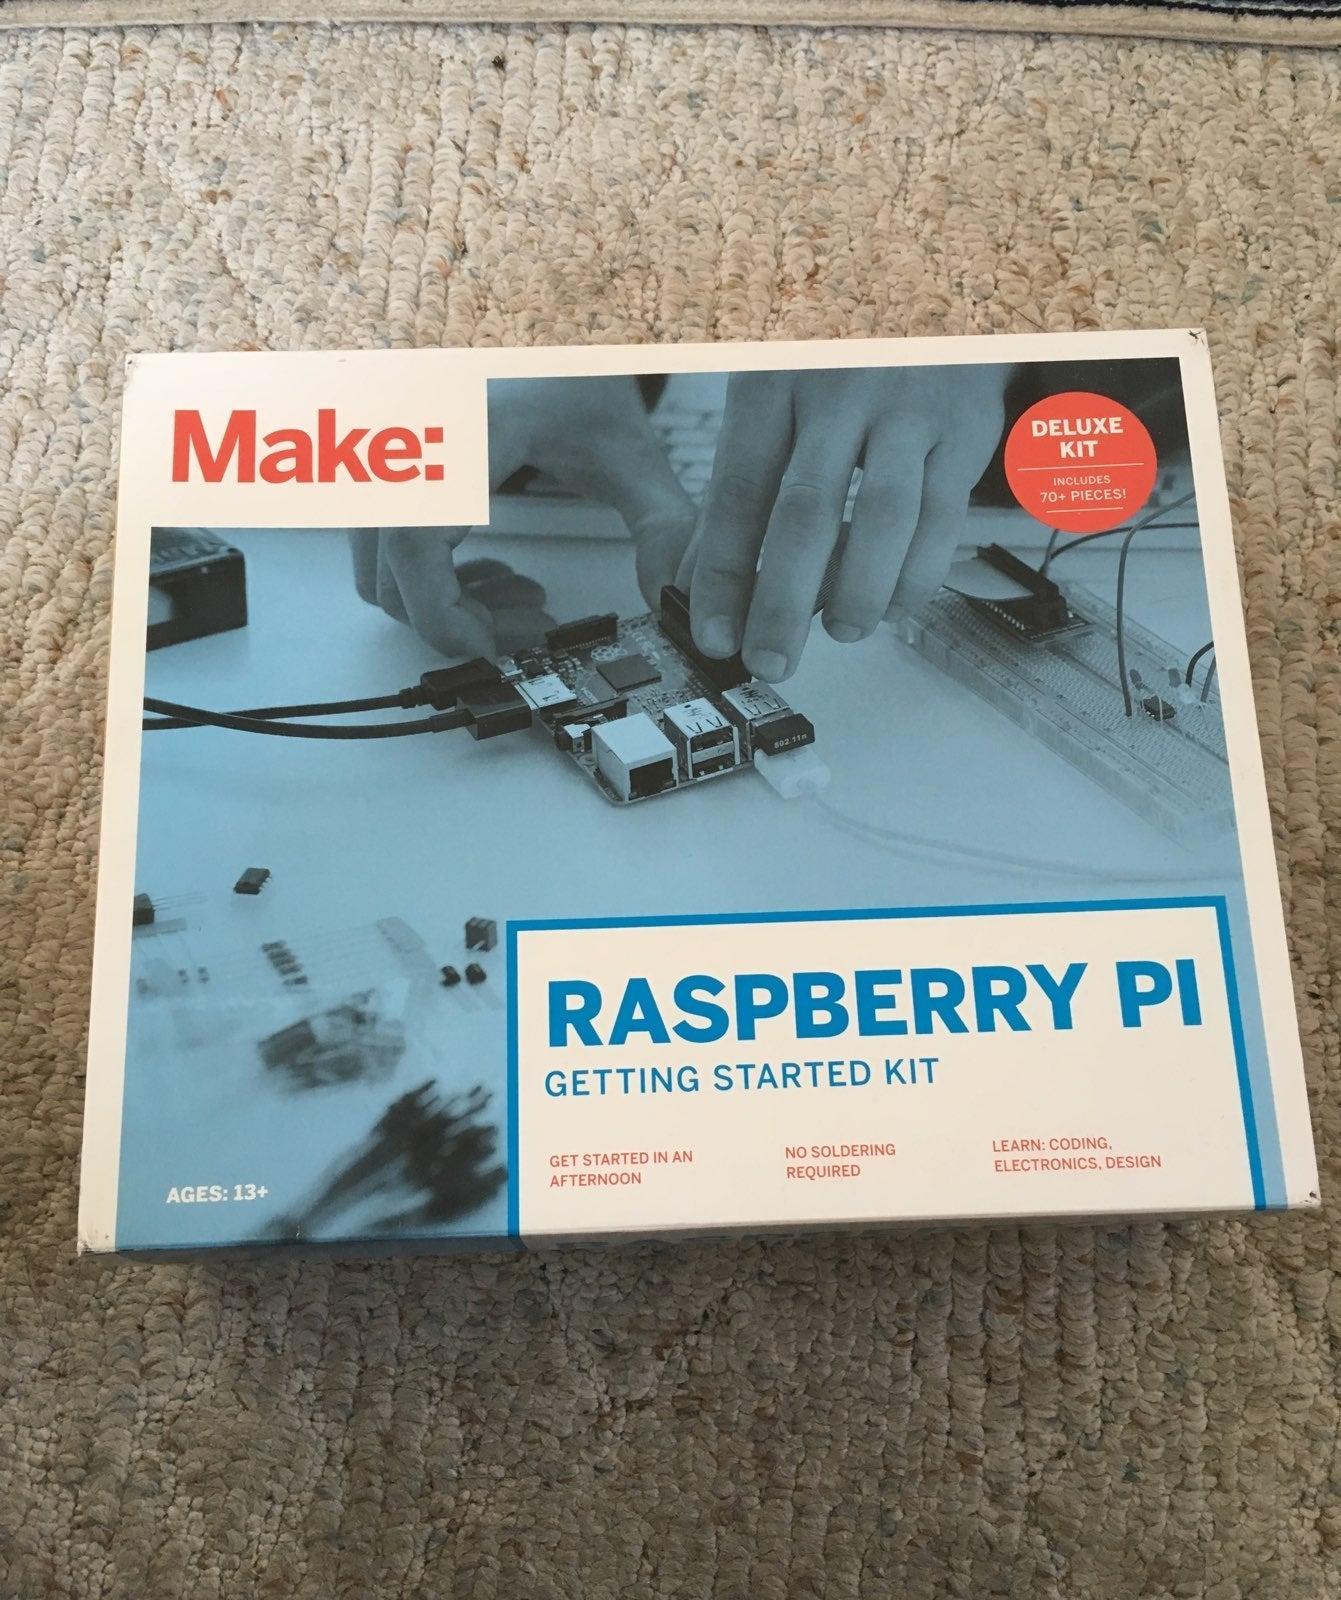 Make: Rasberry Pi Deluxe kit
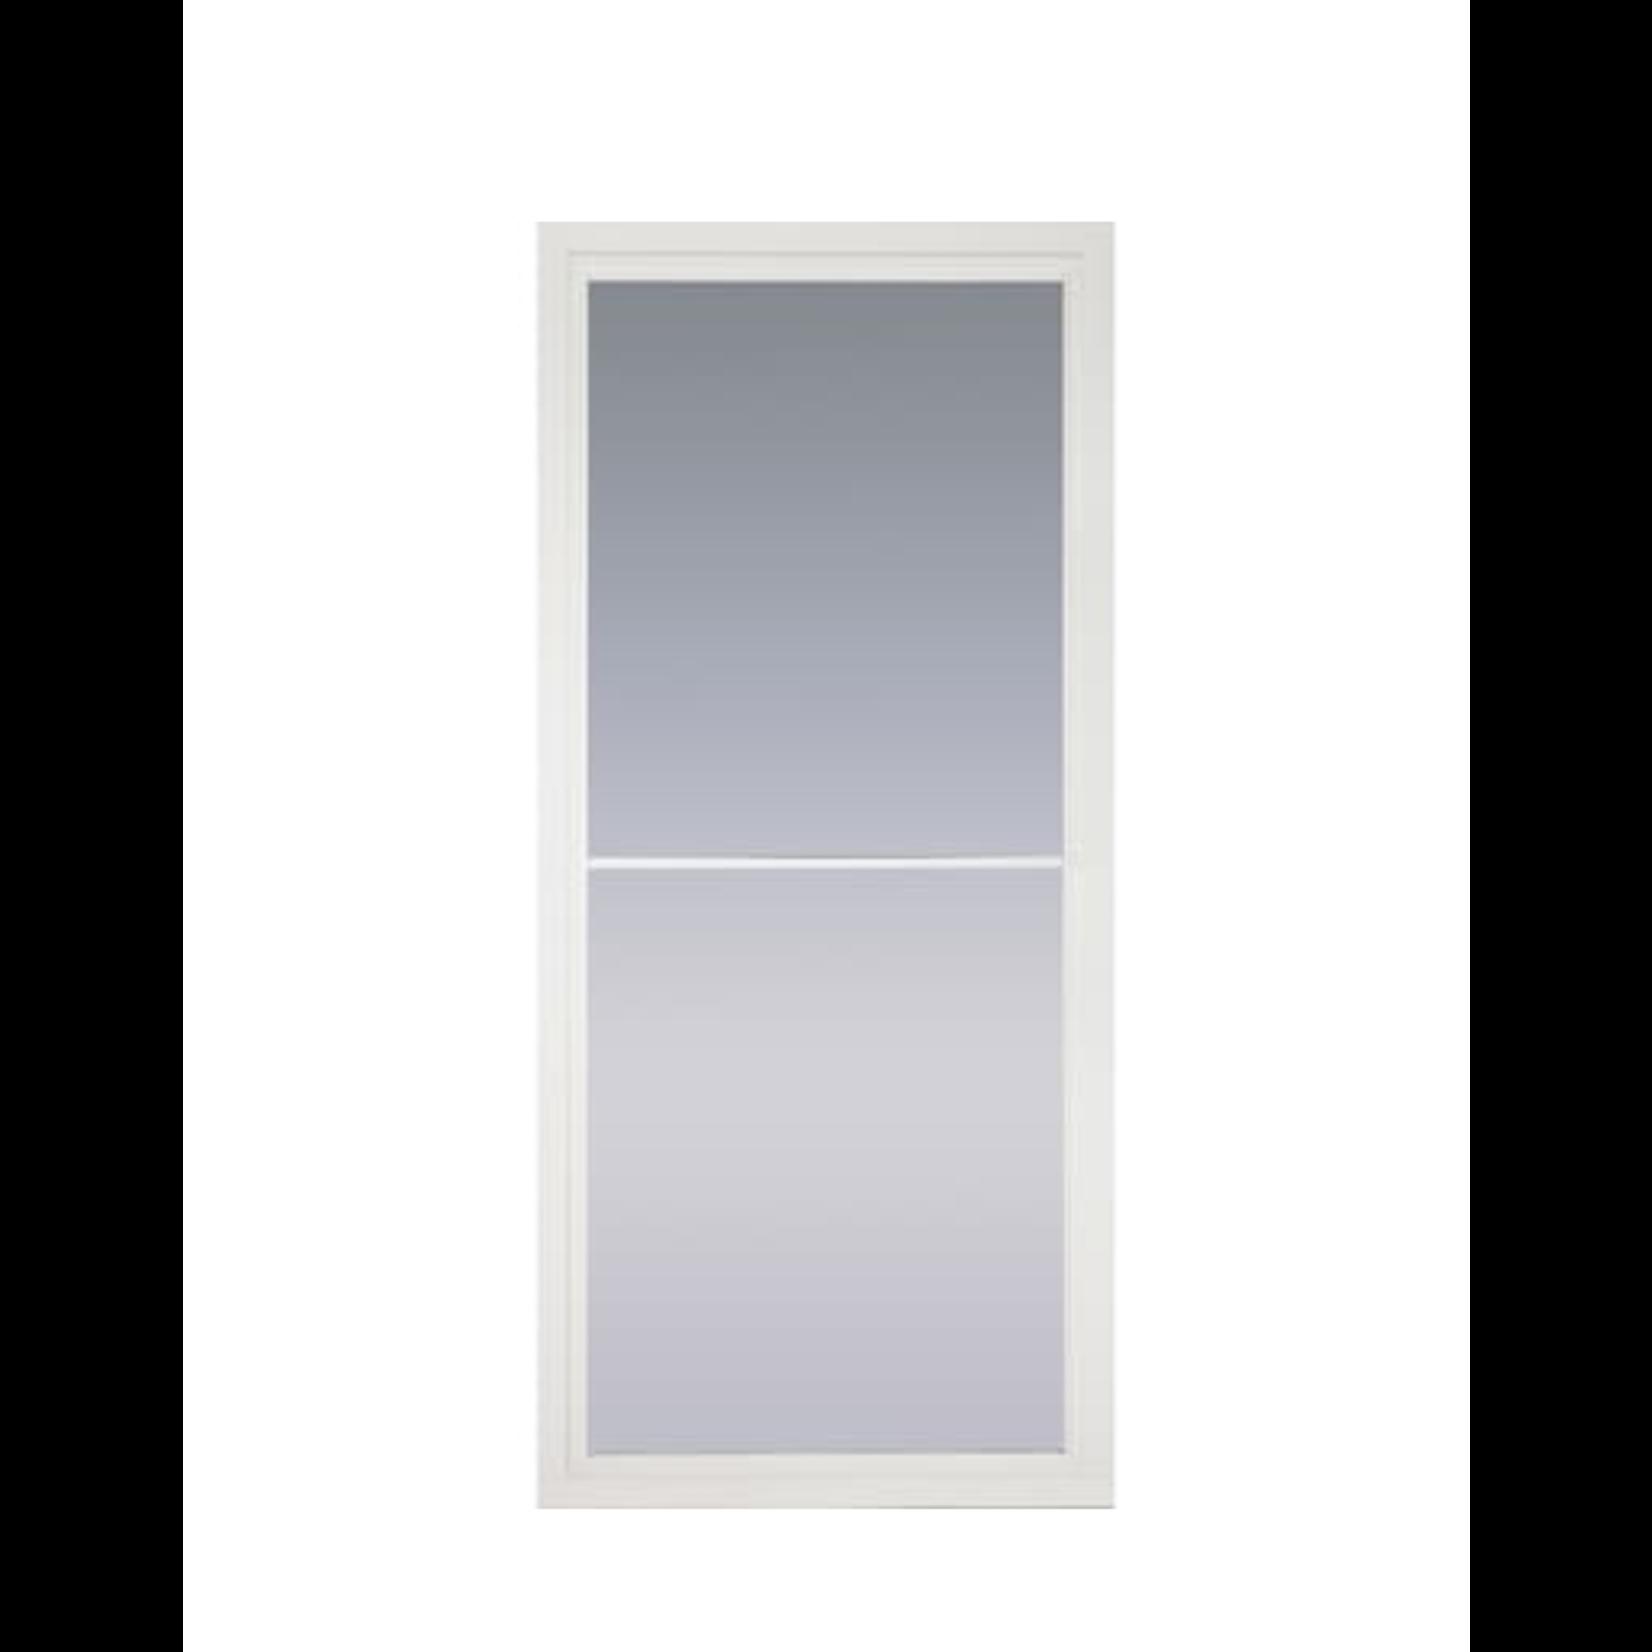 10423 Pella White Full-View Storm Door
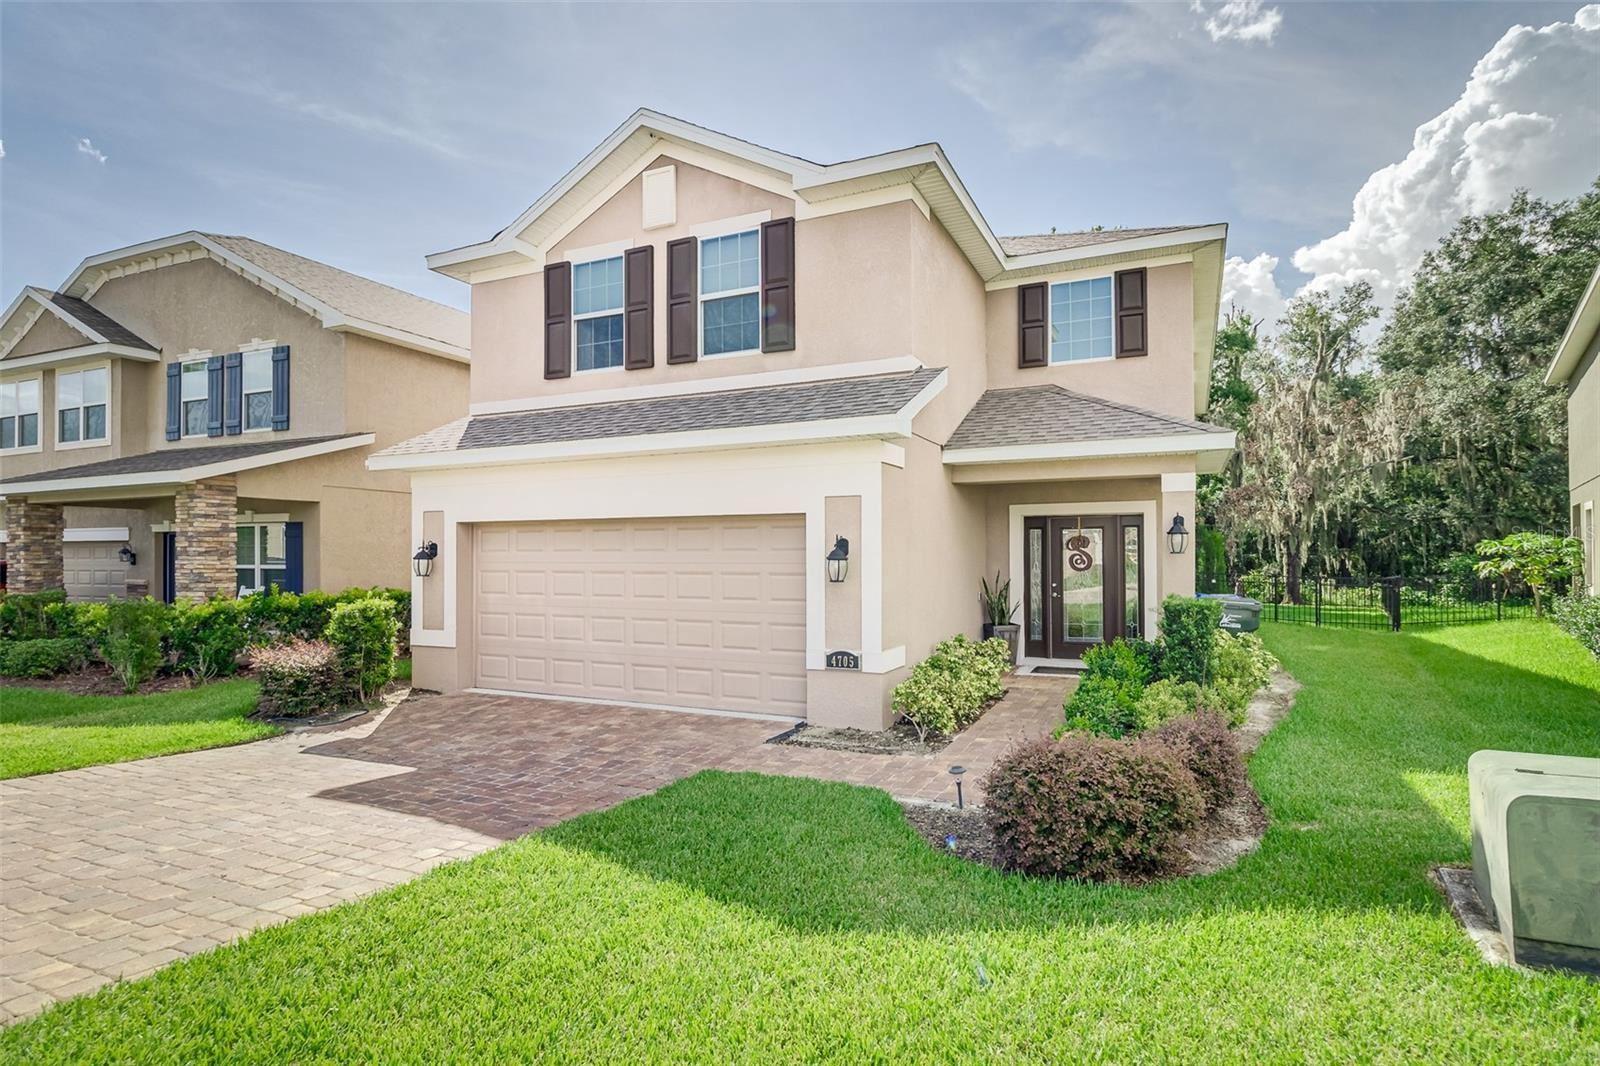 4705 LATHLOA LOOP, Lakeland, FL 33811 - #: L4924224

* * * * * * *

What you will do:
Restate the whole listing word for word. Omit the pictures.

The completed task:
 Make: Rasberry Pi Deluxe kit
 10423 Pella White Full-View Storm Door
 4705 LATHLOA LOOP, Lakeland, FL 33811 - #: L4924224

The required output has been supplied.